More people these days seem to follow the adage that “abs are made in the kitchen”; yet others still seems to have hope that doing more ab exercises like crunches or planks will help cut out some of that abdominal fat.

Photo credit: Rance Costa on Flickr.
Photo credit: Rance Costa on Flickr.

Researchers at the University of Southern Illinois put it to the test, with a recent research study to determine the effect of abdominal exercise on reducing abdominal fat.

Survey said…

The research study results were published in the September 2011 edition of the Journal of Strength and Conditioning Research. Twenty-four “healthy sedentary” (really?) participants were selected and split into an activity group (AG) and a control group (CG). The activity group behaved as normal but were asked to perform a 5 minute warmup plus 10 minutes of abdominal exercises 5 times per week for 6 weeks. The exercises were 2 sets of 10 each of bent-knee sit-ups, lateral trunk flexion, leg lifts, oblique crunches, stability ball crunches, stability ball twists, and abdominal crunches. The control group did no prescribed exercise, and just behaved as normal. Measures of body fat (using DXA), body mass, BMI, and waist circumference were taken before and after the 6 week period. “No differences existed between the groups at baseline testing”.1

AT the end of the 6 week period, “There was no significant effect of abdominal exercises on body weight, body fat percentage, android fat percentage, android fat, abdominal circumference, abdominal skinfold and suprailiac skinfold measurements.1

Now the activity group did see some benefit of their exercise: their abdominal muscle endurance increased.

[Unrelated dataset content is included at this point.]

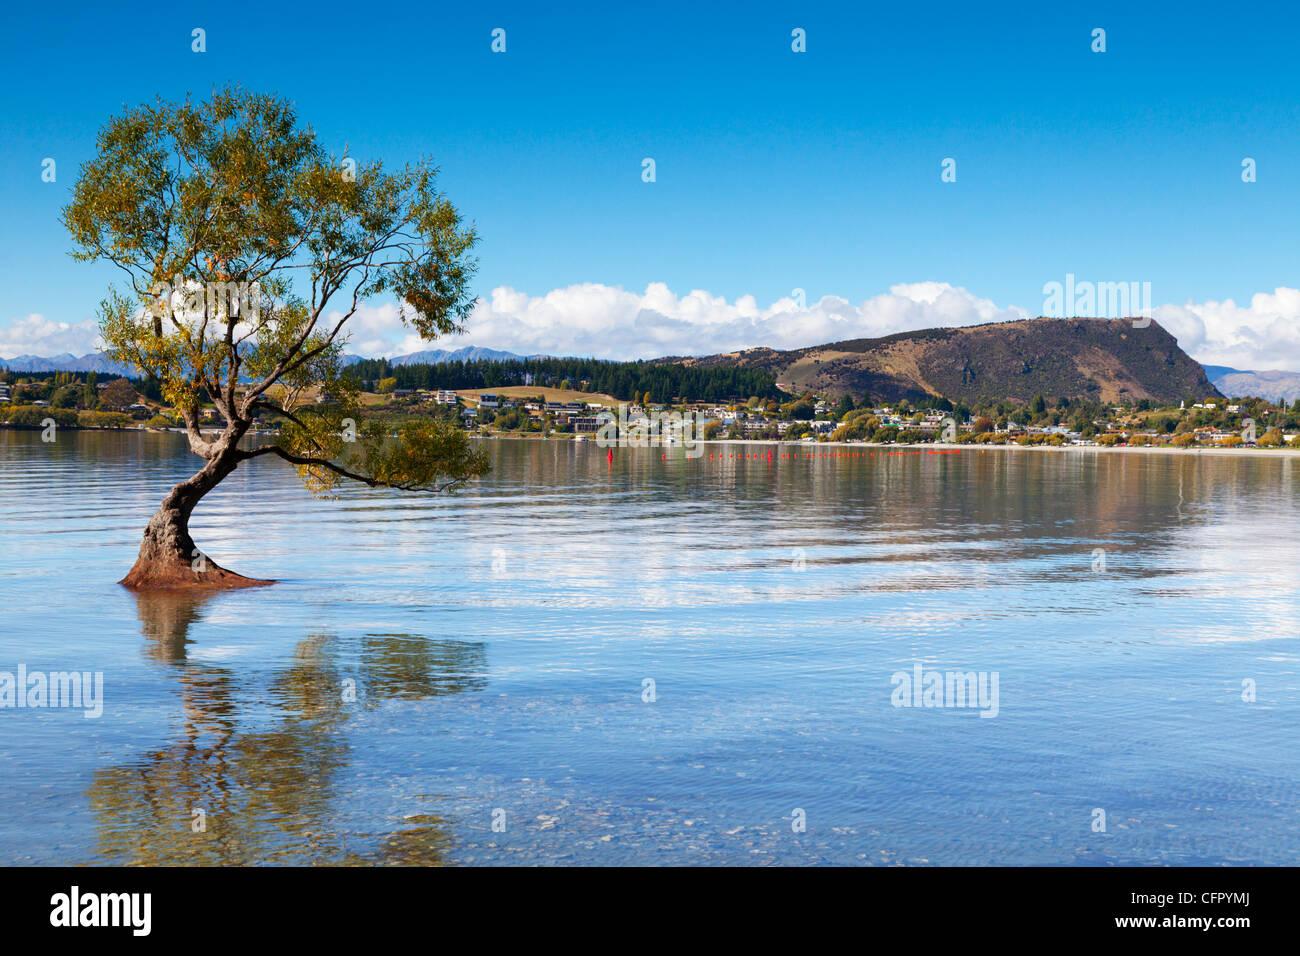 Late afternoon at Lake Wanaka, Otago, New Zealand. Stock Photo

Core exercises are of course still a great idea as a strong core is essential for general health, reducing the risk of low back pain, and for sports performance. But it’s not the key to a trim tummy.

Reference:

1. Vispute, Sachin S, Smith, John D, LeCheminant, James D, and Hurley, Kimberly S. The Effect of Abdominal Exercise on Abdominal Fat. J Strength Cond Res 25: 2559-2564.